Tenoscopic Surgery

Tendons are surrounded by a lubricating fluid filled sac as they go over joints. This is called the tendon sheath. In other areas tendons are cushioned by a sac between a bone and skin called a bursa. Both these areas can get inflamed or infected and their distension may reflect underlying disease in the tendon itself. The ability to look into these areas with the same equipment that we use to look into a joint is called tenoscopy.

The areas that we routinely examine include the carpal sheath (behind the knee), the digital sheath (behind the fetlock-pastern- windpuff area) and the tarsal sheath (behind the hock – thorough pin area). Extensor tendon sheaths commonly get infected at the front of the knee or hock. With an arthroscopic exam, flushing and debridement (surgical trimming of dead or devitalized tissue), we have been successful in saving  many horses. A tenoscopic ligament transection (similar to a carpal tunnel surgery in humans) is useful because examination of the structures and debridement of any proliferative synovitis can be done simultaneously.

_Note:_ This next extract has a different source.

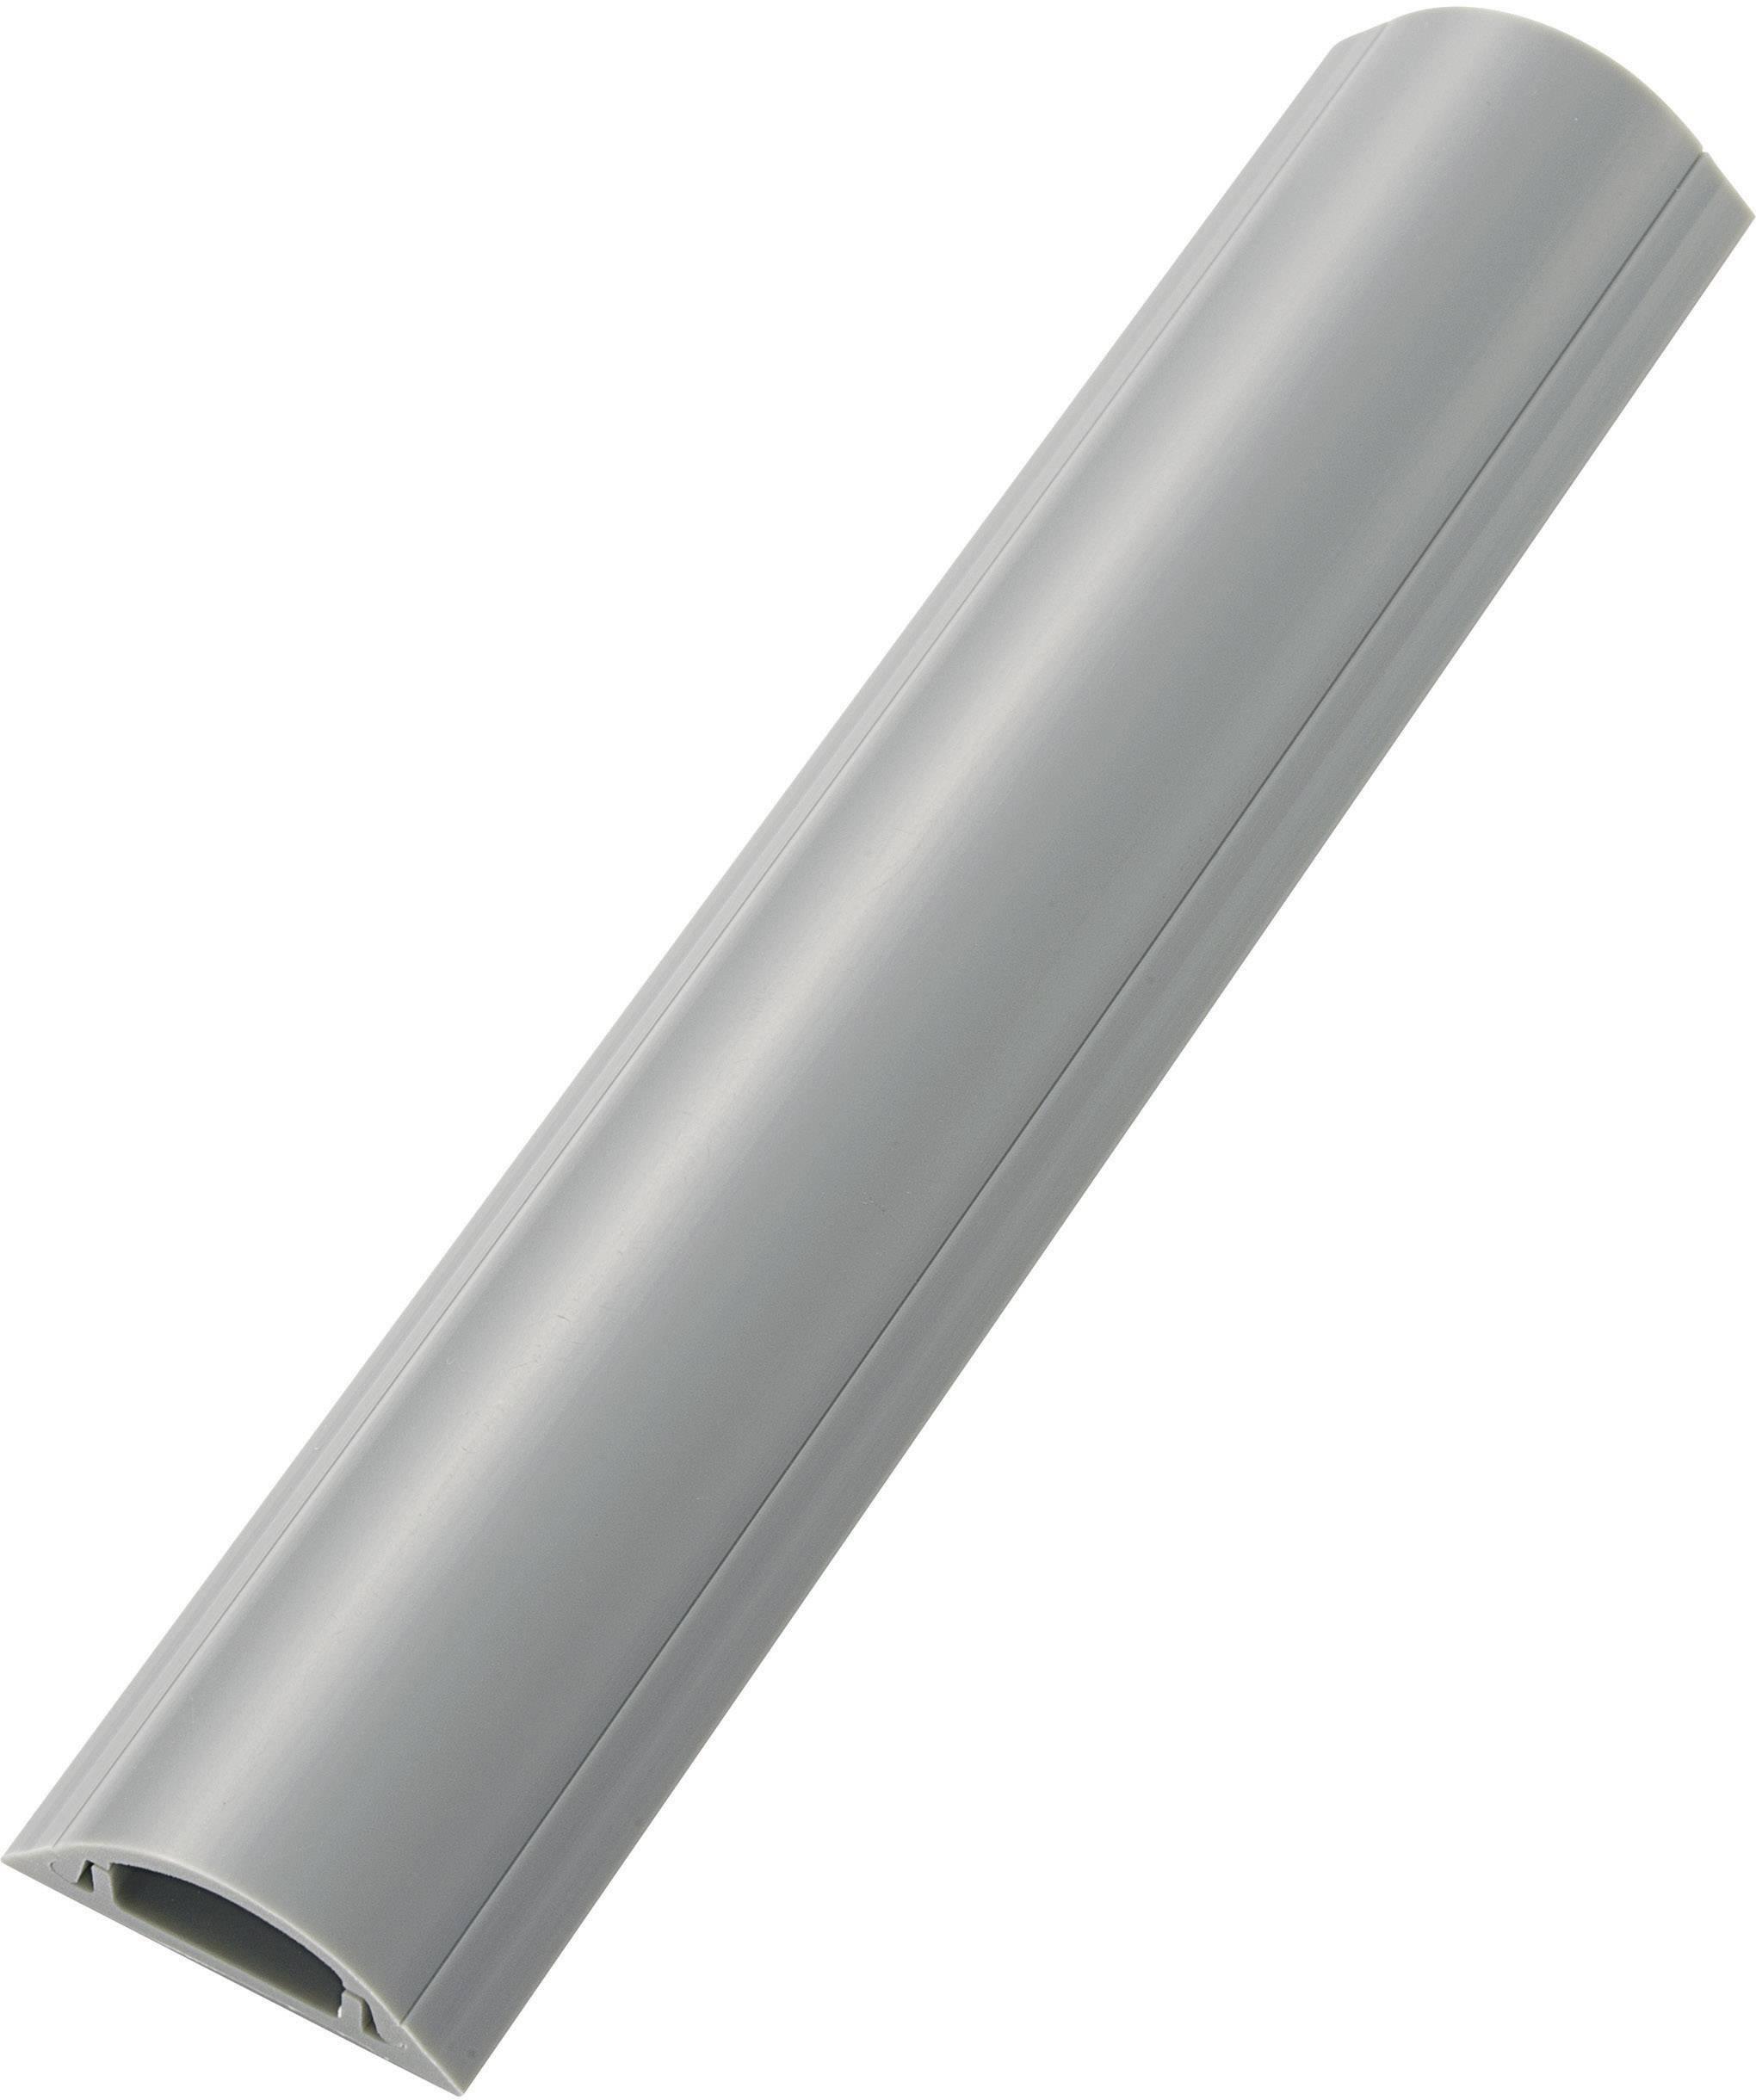 Káblový mostík KSS 547567 RDAR30AWM, (d x š x v) 100 x 2.88 x 0.74 cm, sivá, 1 ks

To assist healing of superficial flexor tendonitis (bowed tendons)  and help prevent further injury we do a tenoscopic proximal check desmotomy. This is done through the carpal sheath above the back of the knee and is much less invasive than the old open technique.

Tenoscopy is very useful for the examination and treatment of various bursae including the biceps bursa (shoulder) and the navicular bursa.